Хороши в постели — страница 26 из 75

– Почему? Потому что вы с ним порвали? Глупости. Откуда вы могли знать, что такое случится?

– Нет, – покачала я головой. – Я понимаю, что не могла знать. Но сейчас, это как… я хочу только его поддержать, быть рядом и любить его, а он мне не позволяет, и я чувствую себя такой… одинокой…

Доктор вздохнул:

– Тяжело, когда все заканчивается. Даже если никто не умирает, даже если вы расстаетесь максимально мирно и никто в этом не виноват. Даже если это вы принимаете это решение. Не бывает легко. Всегда больно.

– Мне просто кажется, что я страшно ошиблась. Не продумала все до конца. Считала, что знаю, каково мне будет в разлуке с ним. Но оказалось – нет. Я не могу. Я даже не представляла, как это на самом деле. И я только и делаю, что скучаю по нему…

Я тяжело сглотнула, подавившись очередным рыданием. Я не могла этого объяснить – что всю свою жизнь ждала парня, который меня поймет, который поймет мою боль. Думала, что знала, что такое боль, но теперь понимала: мне еще никогда не было так больно.

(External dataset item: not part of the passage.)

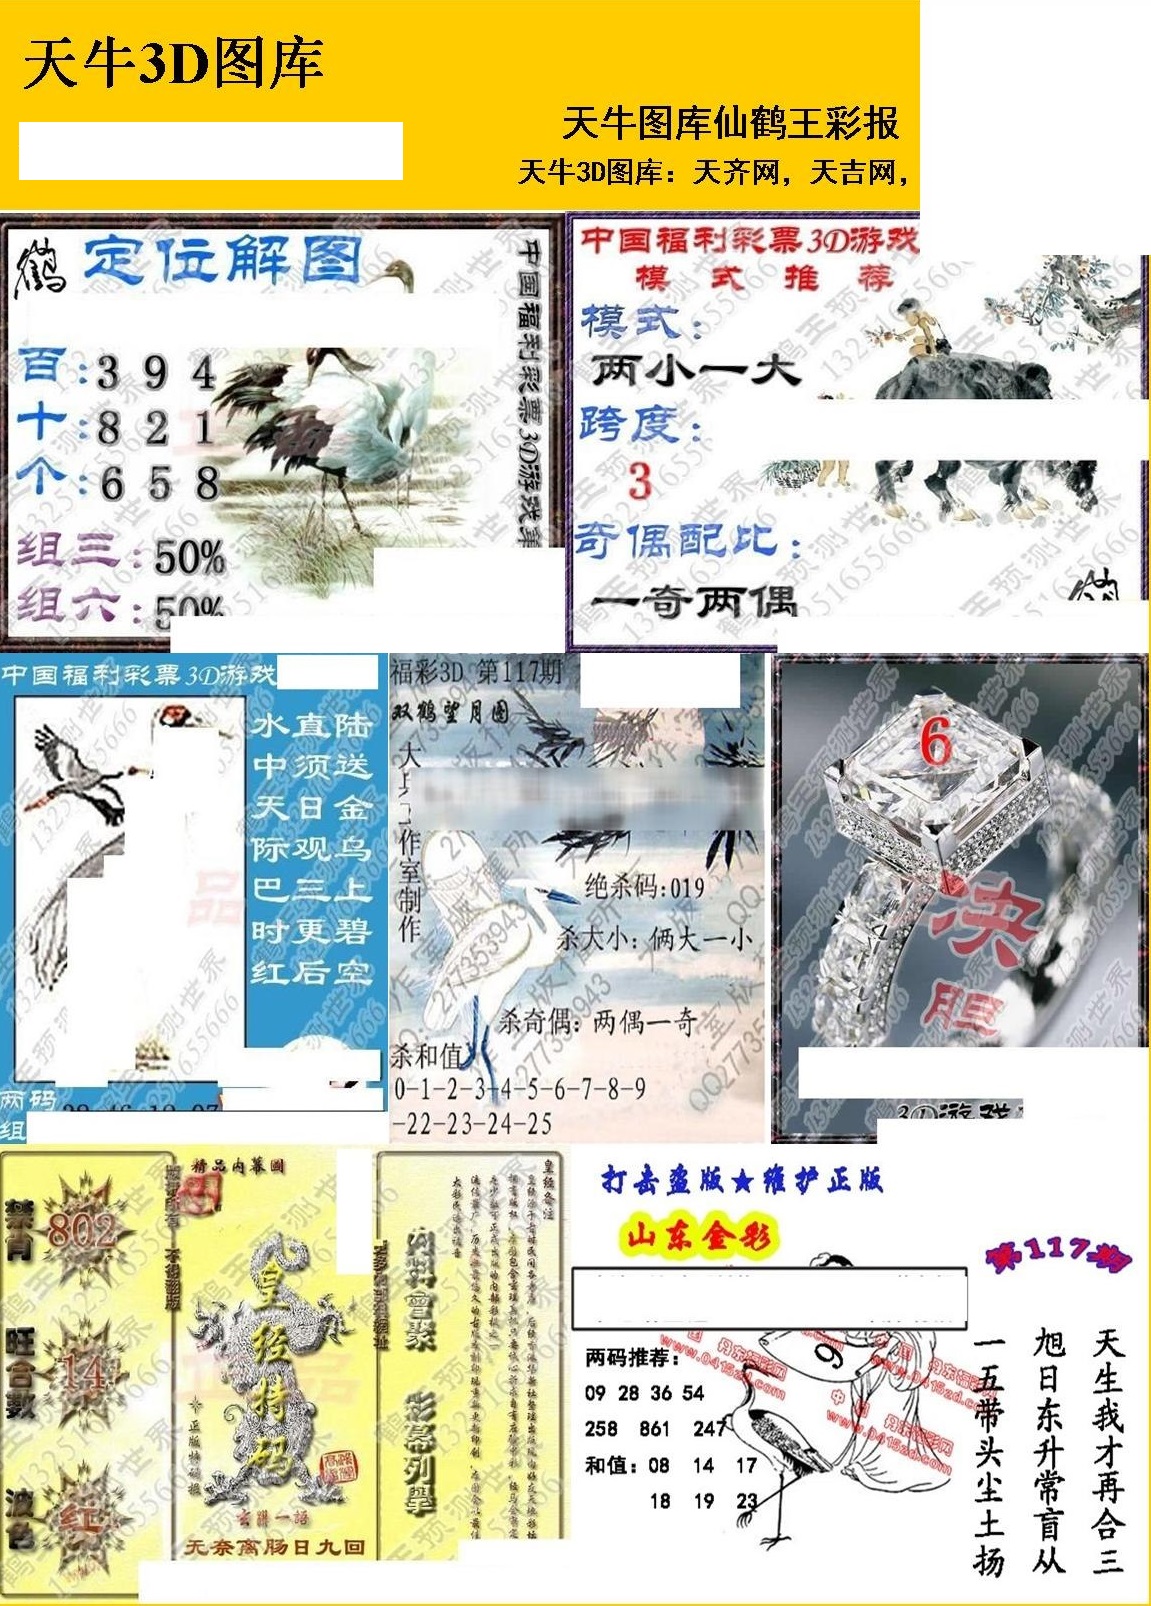 20117期福彩3d 天牛彩报图版系列

Я плакала, а доктор смотрел в стену над моей головой. Затем он открыл ящик стола, достал блокнот и начал писать.

– Я выбываю из программы?

– Нет, – ответил доктор. – И есть вам, конечно, придется. Но я думаю, что было бы неплохо кое с кем пообщаться.

– О нет! – воскликнула я. – Никаких психотерапевтов.

Он криво ухмыльнулся:

– Мне кажется или я слышу нотки антипатии?

– Я ничего не имею против терапии, просто знаю, что не поможет. Трезво смотрю на ситуацию. Я совершила огромную ошибку. Я не была уверена, что любила его достаточно сильно, а теперь я знаю, что люблю, а его отец умер, и Брюс меня больше не любит.

Я выпрямилась и вытерла лицо.

– Но я все еще хочу участвовать. Чтобы хоть что-то в жизни меня порадовало. Я хочу чувствовать, что я делаю что-то правильно.

Доктор снова усадил меня на стол для осмотра, его руки нежно касались моей спины и рук, пока он обвязывал кусок резиновой трубки вокруг моего бицепса и велел сжать кулак. Я отвернулась, когда он ввел иглу – так умело, что я едва почувствовала укол. Мы оба смотрели, как пробирка наполняется кровью. Мне стало интересно, о чем доктор думает.

– Почти готово, – тихо сказал он, прежде чем ловко вынуть иглу и прижать кусок ваты к ранке.

– А конфетку дадут? – пошутила я.

Доктор протянул мне пластырь и листок бумаги, на котором написал два имени и два номера телефона.

– Возьмите, – настоял доктор Кей. – И, Кэнни, вам нужно поесть. Если не сможете, обязательно позвоните нам. Я все-таки настоятельно прошу, свяжитесь с одним из этих специалистов.

– Вы и правда думаете, что с моими габаритами пара дней голодовки меня убьет?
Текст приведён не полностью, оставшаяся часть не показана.